* [TASK DETAILS] Reproduce the records exactly through the line with "Communauté des Anciens".

* [INPUT RECORDS]
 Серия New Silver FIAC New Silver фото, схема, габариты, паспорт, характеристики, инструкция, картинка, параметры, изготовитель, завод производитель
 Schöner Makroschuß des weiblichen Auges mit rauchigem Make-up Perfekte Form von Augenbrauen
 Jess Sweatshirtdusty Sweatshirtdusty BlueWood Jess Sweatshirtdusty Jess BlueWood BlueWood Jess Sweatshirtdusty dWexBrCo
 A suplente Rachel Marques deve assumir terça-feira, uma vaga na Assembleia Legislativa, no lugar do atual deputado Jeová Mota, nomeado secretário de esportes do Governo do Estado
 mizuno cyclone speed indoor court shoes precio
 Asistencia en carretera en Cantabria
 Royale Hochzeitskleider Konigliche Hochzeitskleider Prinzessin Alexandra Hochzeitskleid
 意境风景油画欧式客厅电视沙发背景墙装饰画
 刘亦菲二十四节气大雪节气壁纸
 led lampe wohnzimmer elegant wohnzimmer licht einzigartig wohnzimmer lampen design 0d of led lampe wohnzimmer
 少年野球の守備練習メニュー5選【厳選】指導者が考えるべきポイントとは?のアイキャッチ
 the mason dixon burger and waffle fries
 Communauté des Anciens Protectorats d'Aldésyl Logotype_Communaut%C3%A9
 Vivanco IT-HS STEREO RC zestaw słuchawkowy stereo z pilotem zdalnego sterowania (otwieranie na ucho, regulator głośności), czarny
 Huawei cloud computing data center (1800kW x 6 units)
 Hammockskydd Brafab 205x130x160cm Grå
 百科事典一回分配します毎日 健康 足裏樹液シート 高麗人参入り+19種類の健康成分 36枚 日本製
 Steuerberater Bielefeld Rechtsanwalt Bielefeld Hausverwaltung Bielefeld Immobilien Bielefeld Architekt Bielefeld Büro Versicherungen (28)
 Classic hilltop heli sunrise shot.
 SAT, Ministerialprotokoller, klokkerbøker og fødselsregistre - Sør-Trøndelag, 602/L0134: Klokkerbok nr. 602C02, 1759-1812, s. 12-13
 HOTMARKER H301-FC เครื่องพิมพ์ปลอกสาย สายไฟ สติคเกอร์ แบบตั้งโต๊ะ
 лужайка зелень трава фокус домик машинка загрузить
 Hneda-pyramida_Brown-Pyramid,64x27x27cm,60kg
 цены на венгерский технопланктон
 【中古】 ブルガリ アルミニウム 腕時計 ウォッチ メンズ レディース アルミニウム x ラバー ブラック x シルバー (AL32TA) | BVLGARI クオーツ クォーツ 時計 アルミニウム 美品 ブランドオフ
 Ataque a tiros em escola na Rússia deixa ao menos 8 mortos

* [REPLY]
 Серия New Silver FIAC New Silver фото, схема, габариты, паспорт, характеристики, инструкция, картинка, параметры, изготовитель, завод производитель
 Schöner Makroschuß des weiblichen Auges mit rauchigem Make-up Perfekte Form von Augenbrauen
 Jess Sweatshirtdusty Sweatshirtdusty BlueWood Jess Sweatshirtdusty Jess BlueWood BlueWood Jess Sweatshirtdusty dWexBrCo
 A suplente Rachel Marques deve assumir terça-feira, uma vaga na Assembleia Legislativa, no lugar do atual deputado Jeová Mota, nomeado secretário de esportes do Governo do Estado
 mizuno cyclone speed indoor court shoes precio
 Asistencia en carretera en Cantabria
 Royale Hochzeitskleider Konigliche Hochzeitskleider Prinzessin Alexandra Hochzeitskleid
 意境风景油画欧式客厅电视沙发背景墙装饰画
 刘亦菲二十四节气大雪节气壁纸
 led lampe wohnzimmer elegant wohnzimmer licht einzigartig wohnzimmer lampen design 0d of led lampe wohnzimmer
 少年野球の守備練習メニュー5選【厳選】指導者が考えるべきポイントとは?のアイキャッチ
 the mason dixon burger and waffle fries
 Communauté des Anciens Protectorats d'Aldésyl Logotype_Communaut%C3%A9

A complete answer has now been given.